Honey Bee vs Neonicotinoid (again):    Last year it was news. In March a Guardian article Pesticides linked to honeybee decline, referring to two (then) recent studies:
1) Pesticide Decreases Foraging Success and Survival in Honey Bees:
Nonlethal exposure of honey bees to thiamethoxam (neonicotinoid systemic pesticide) causes high mortality due to homing failure at levels that could put a colony at risk of collapse. Simulated exposure events on free-ranging foragers labeled with a radio-frequency identification tag suggest that homing is impaired by thiamethoxam intoxication. These experiments offer new insights into the consequences of common neonicotinoid pesticides used worldwide.
2) Pesticide Reduces Bumble Bee Colony Growth and Queen Production:
We exposed colonies of the bumble bee Bombus terrestris in the laboratory to field-realistic levels of the neonicotinoid imidacloprid, then allowed them to develop naturally under field conditions. Treated colonies had a significantly reduced growth rate and suffered an 85% reduction in production of new queens compared with control colonies.
And again in October: Evidence of pesticide harm to bees is now overwhelming, referring to an article in Nature:
3) Combined pesticide exposure severely affects ... traits in bees:
Here we show that chronic exposure of bumblebees to two pesticides (neonicotinoid and pyrethroid) at concentrations that could approximate field-level exposure impairs natural foraging behaviour and increases worker mortality leading to significant reductions in brood development and colony success. We found that worker foraging performance, particularly pollen collecting efficiency, was significantly reduced with observed knock-on effects for forager recruitment, worker losses and overall worker productivity. Moreover, we provide evidence that combinatorial exposure to pesticides increases the propensity of colonies to fail.
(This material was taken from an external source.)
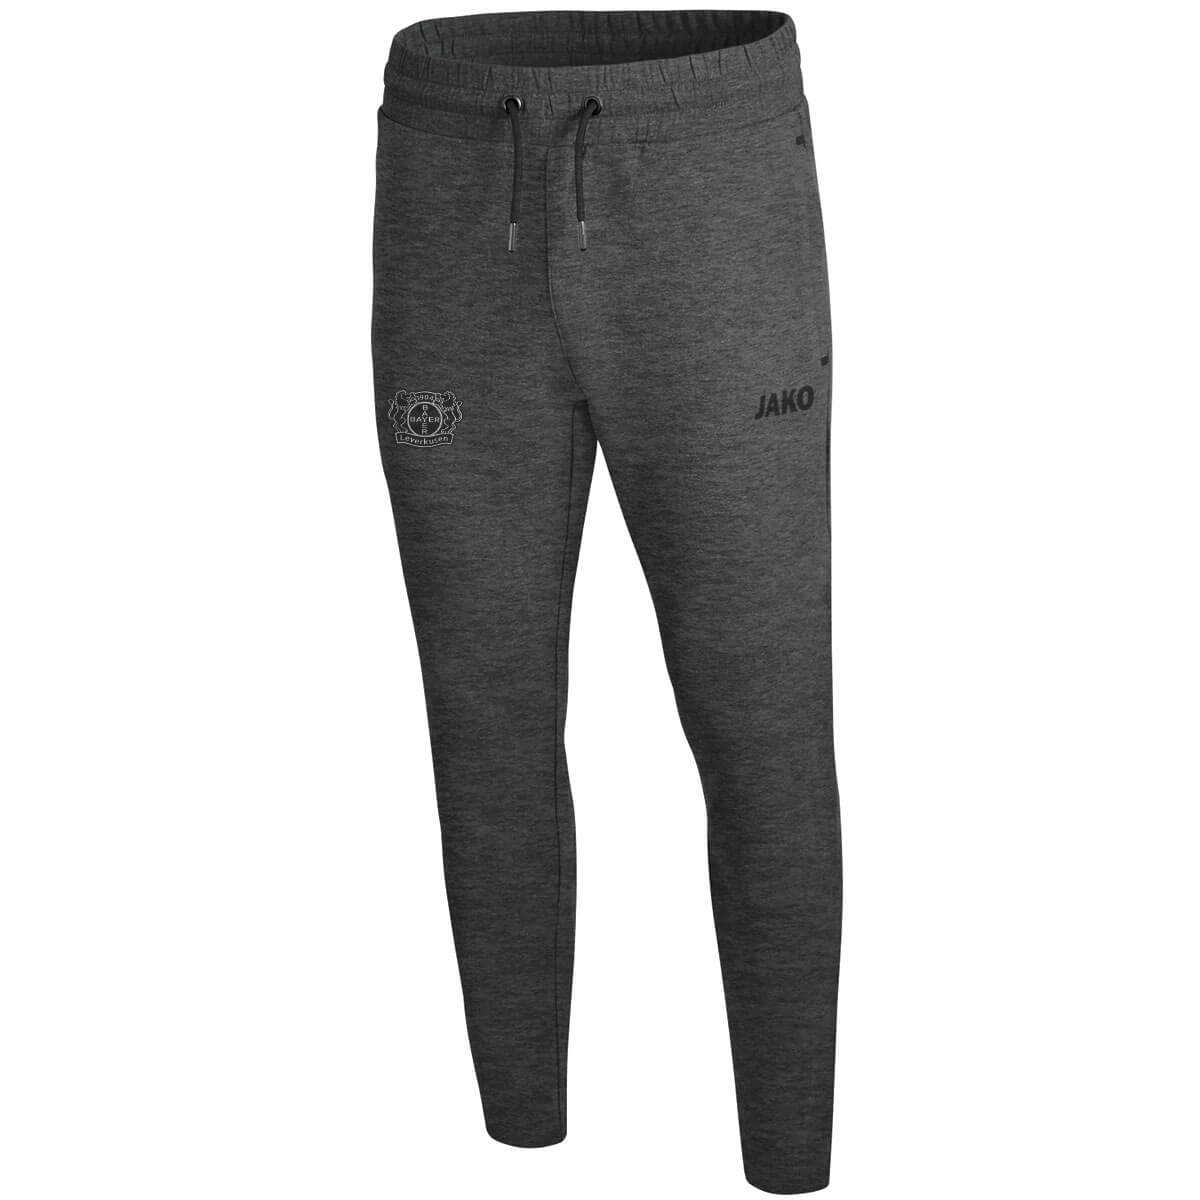 Jako B04 Jogginghose Premium Basics Herren BA8429I  | div. Größen / Farben

BookSC was not much help in finding the source documents. 1) is there; 2) seems to be there but the download gives something else; and, 3) is not there at all. So ... one in three. ... It may improve with use. 
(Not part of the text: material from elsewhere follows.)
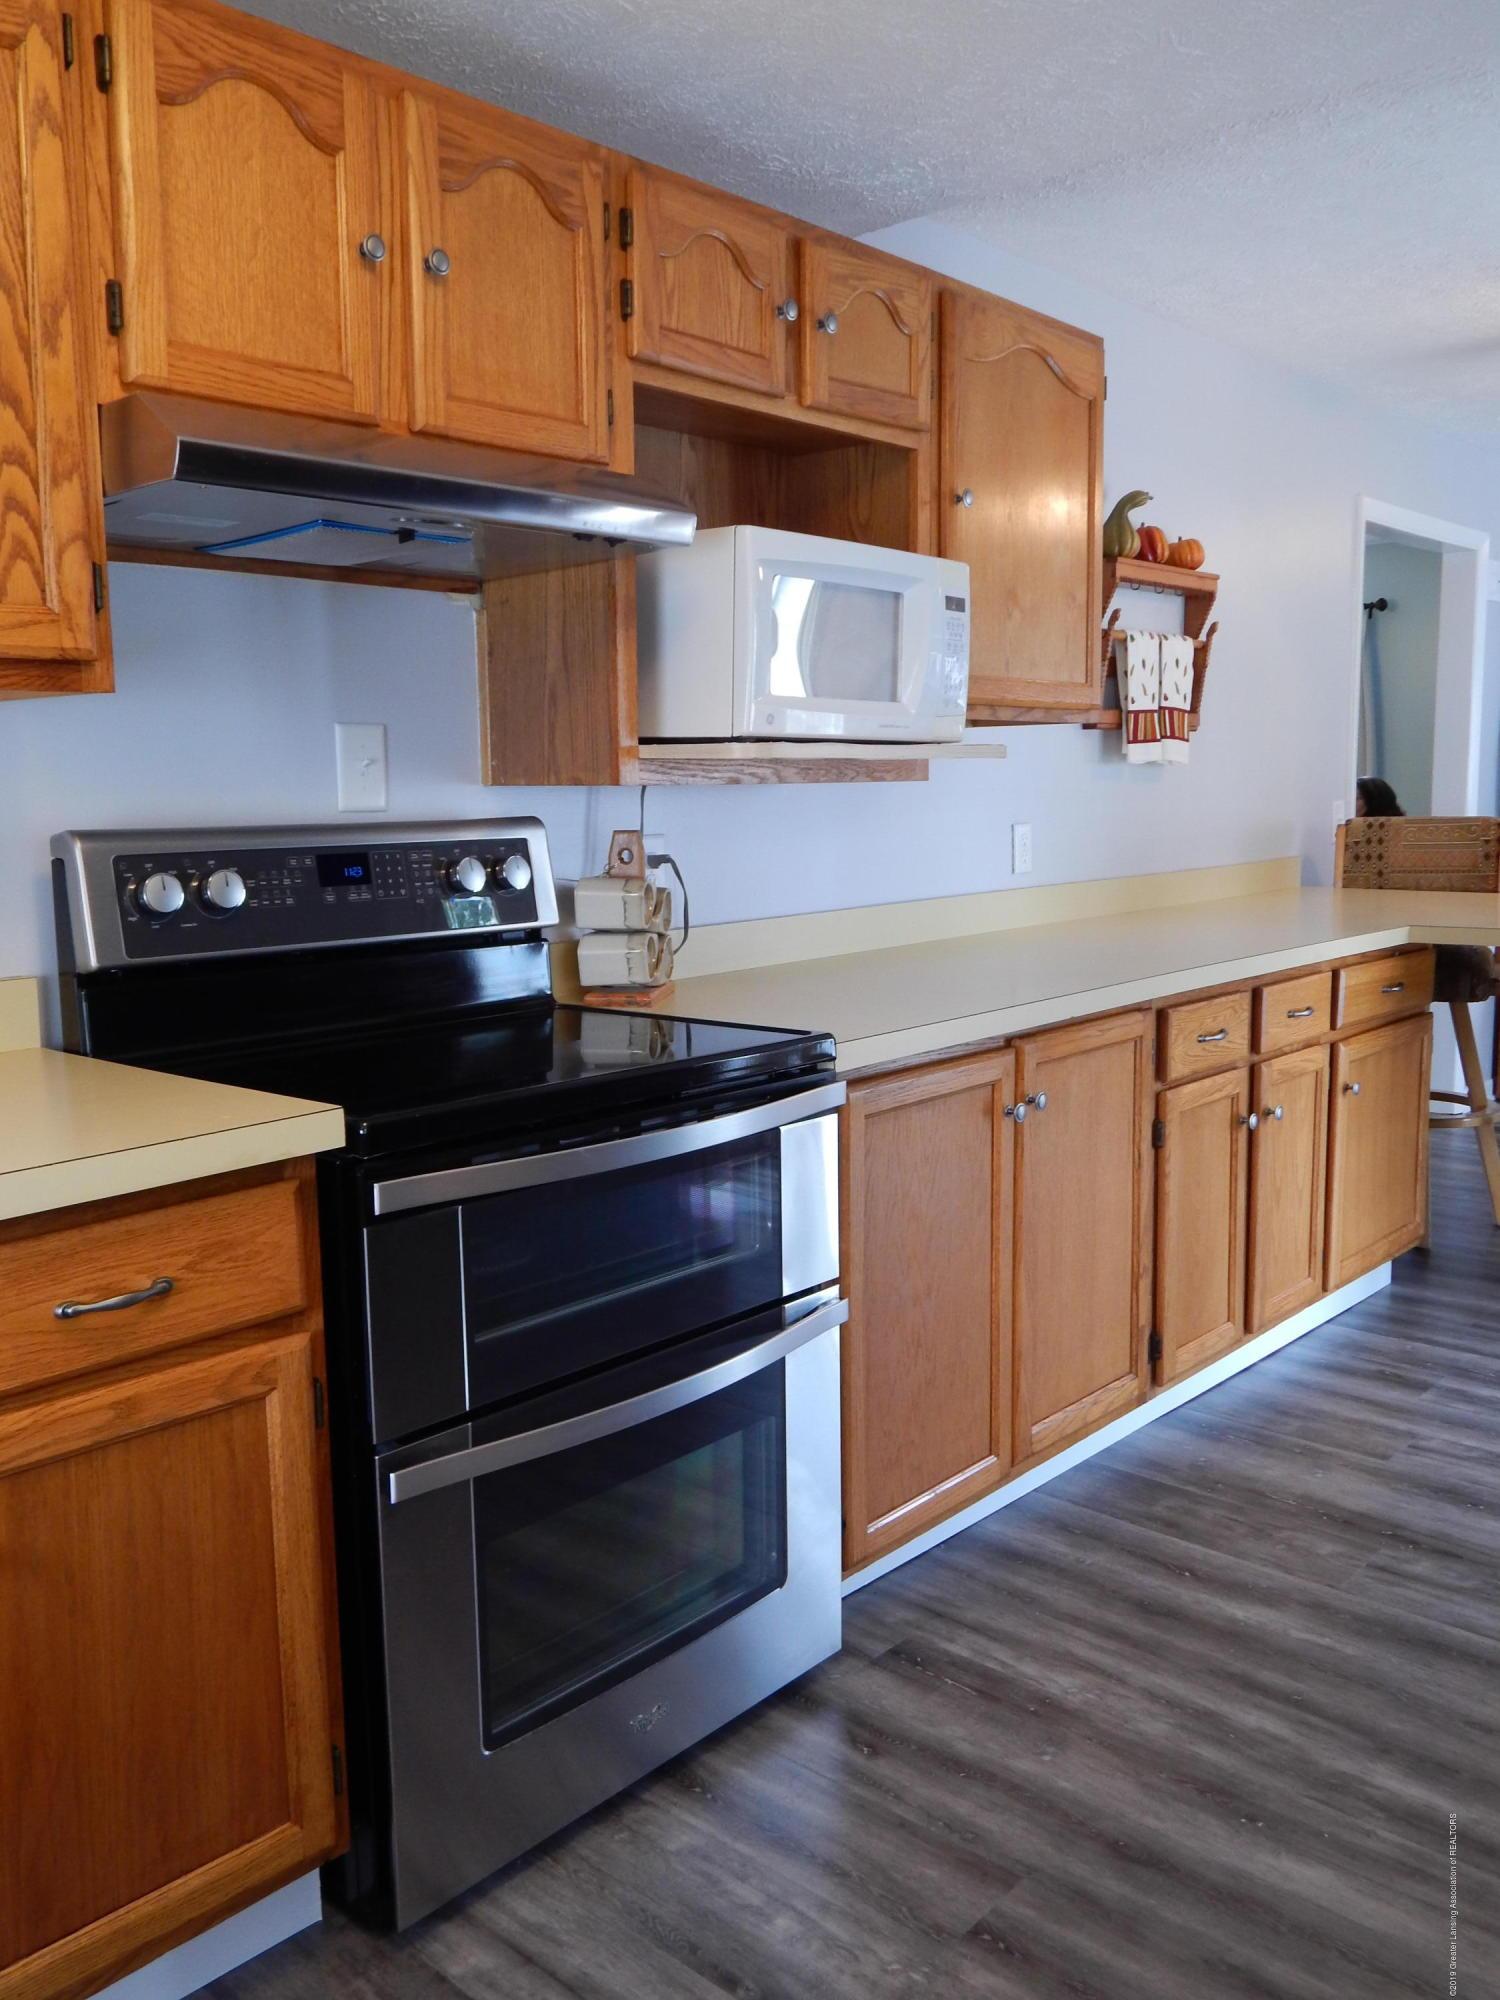 2605 Hazelwood Dr - Kitchen - 17

I eventually found them elsewhere: 2) Neonicotinoid Pesticide Reduces Bumble Bee Colony Growth and Queen Production, and, 3) Combined pesticide exposure severely affects individual- and colony-level traits in bees.

What I really really REALLY REALLY   do not understand is how most people go on about their lives as if none of this were happening? When I see friends and family getting onto airplanes to go south and get warm - it's not a judgement, I tell you true, but I am shocked, dismayed. As for the politicians and business people, successful ones, admired and respected, who must know what is happening - I am unable to imagine a scenario for them. Their bureaucrats may be driven and confused to stupidity - but Stephen Harper is not stupid; nor Barack Obama; nor these 'honourable' ministers: Peter Kent, Joe Oliver, John Baird; this woman in Alberta - Alison Redford; Rex Tillerson, the Koch brothers David and Charles ...

WHAT THE FUCK'S GOIN' ON HERE?!
 
I can understand some struggle over exactly what to do, how best to tackle this enormous problem of which the honey bees are a small part, sure. But ... short of rekindling a superstitious belief in evil and devils I am stumped. All I can come up with is the possibility of some tipping point within the 'social imaginary' (as Charles Taylor calls it) that may trip in their minds and permit them to begin to think properly. Soon I hope.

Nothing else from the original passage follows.